Add QuoteStrategy parameter in CsvReader to handle empty strings vs null values
OlivierLevrey opened this issue · 2 comments
QuoteStrategy.EMPTY is convenient if I want to differenciate empty strings from null values in the output file.
However there is no such parameter in CsvReader which means I cannot read back the original data.

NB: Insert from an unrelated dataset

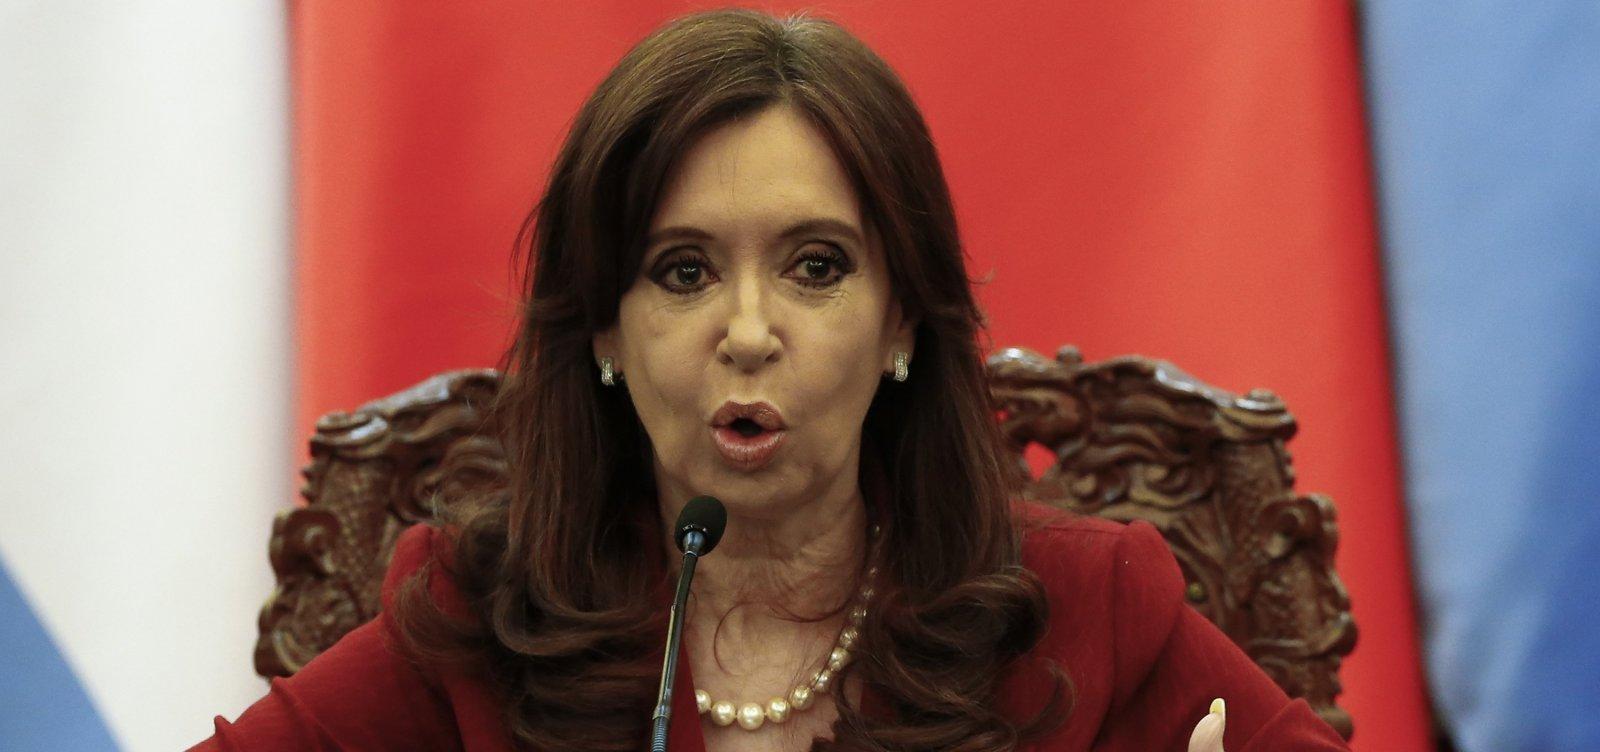 Juiz pede prisão preventiva da ex-presidente Cristina Kirchner
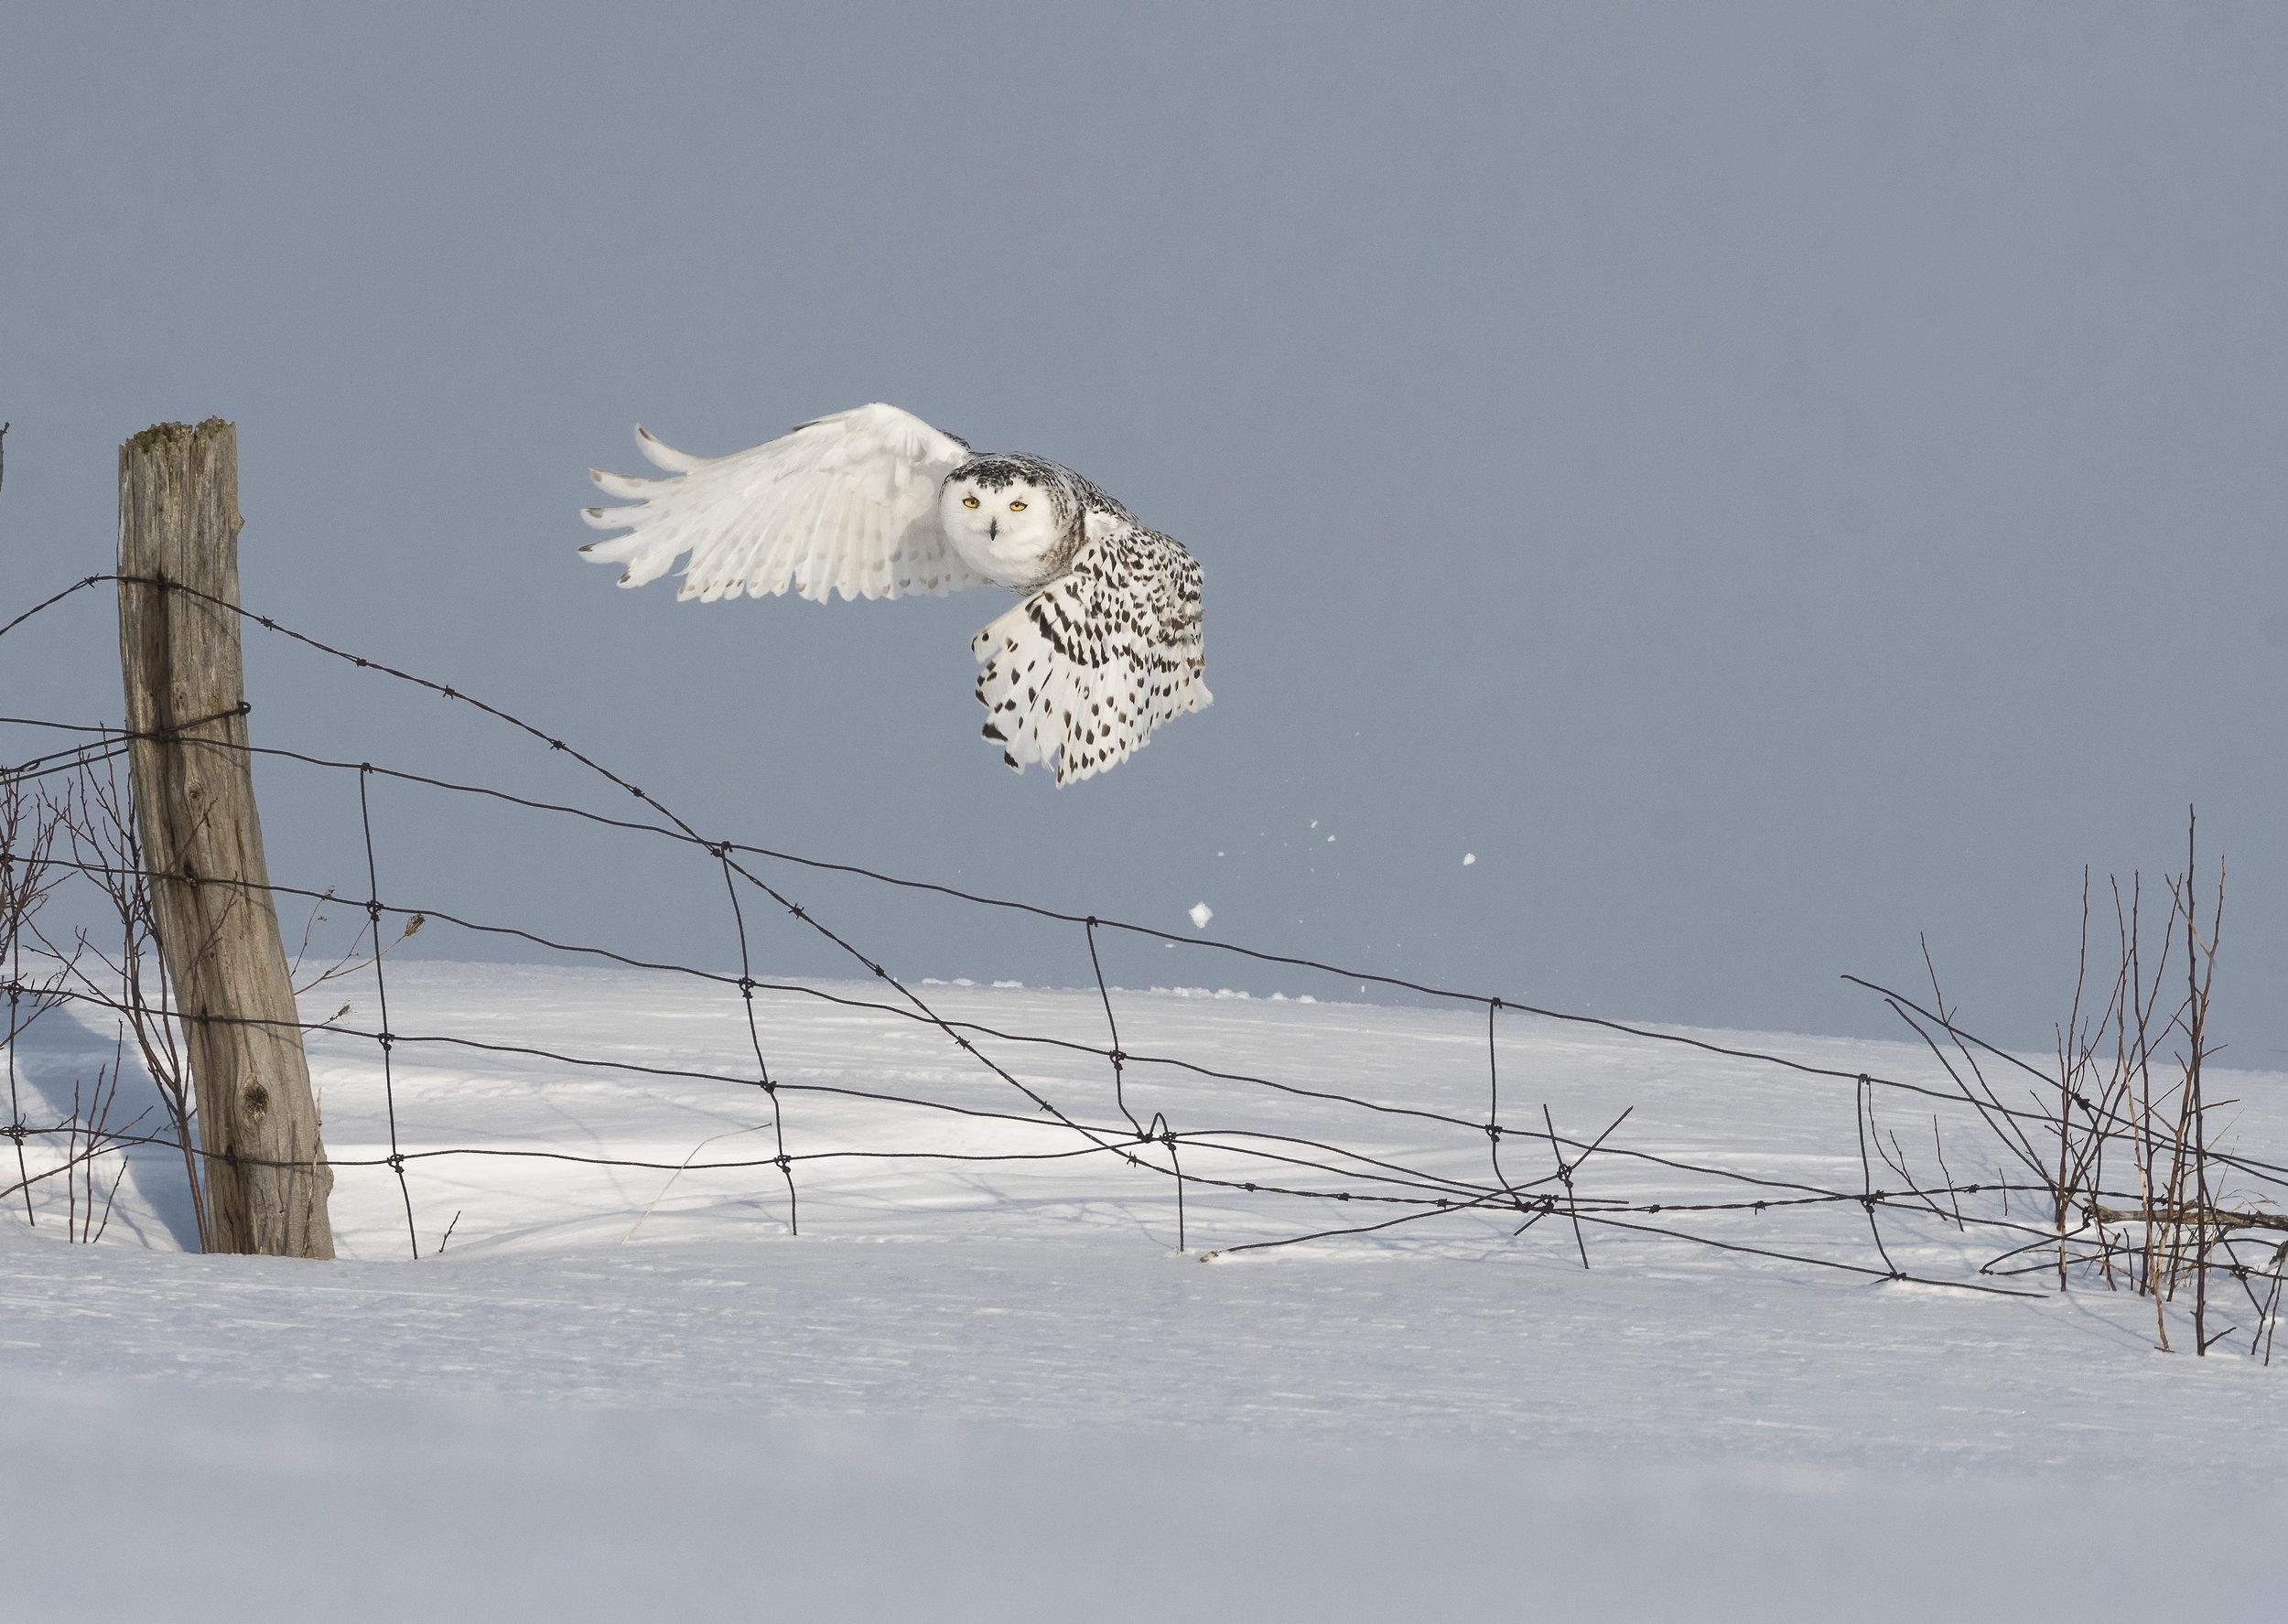 snowy owl launching from fenceline.jpg

Below is a unit test showing this:
/**
* Writes a single row of special values, reads back the file, and tests
* that read values exactly match the original values.
*/
@Test
public void test() throws IOException {
String[] values = new String[]{
"Simple text",
"Multiline\ntext",
// a string containing a comma
"1,2",
// a string with double quotes
"\"Hello\"",
// a string containing a single character: a double quote
"\"",
// an empty string
"",
// a null value
null
};
File tmp = new File("C:/tmp/csv.txt");
// write the csv file
try (CsvWriter csv = CsvWriter.builder()
.quoteStrategy(QuoteStrategy.EMPTY)
.build(tmp.toPath(), StandardCharsets.UTF_8)) {
csv.writeRow(values);
}
// read back the file
String[] readValues = null;
try (CsvReader csv = CsvReader.builder()
.skipEmptyRows(true)
.build(tmp.toPath(), StandardCharsets.UTF_8)) {
for (CsvRow row : csv) {
readValues = new String[row.getFieldCount()];
for (int i = 0; i < readValues.length; i++) {
readValues[i] = row.getField(i);
}
}
}
Assert.assertNotNull(readValues);
// this fails because of the null value read back as an empty string
Assert.assertArrayEquals(values, readValues);
}
}
It would be very nice to have the QuoteStrategy parameter in the reader.
Thanks for your feedback!
The difference between reading and writing is:
- Java has support for differentiating between null and empty string
- CSV (per RFC) does not allow differentiation – it's simply a blank field and the developer can decide how to handle it
When creating the API of FastCSV, I decided to design a Null-free API (see features). That way I can ensure, no one gets a NullPointerException when working with the API of this library.
Hence this design decision, I don't plan to offer a mechanism to read/return null values – not even with an optional strategy. If you really want to have nulls in your code, I'm afraid you have to add/convert them in your application code. Hope you can understand.
OK thank you for your quick reply.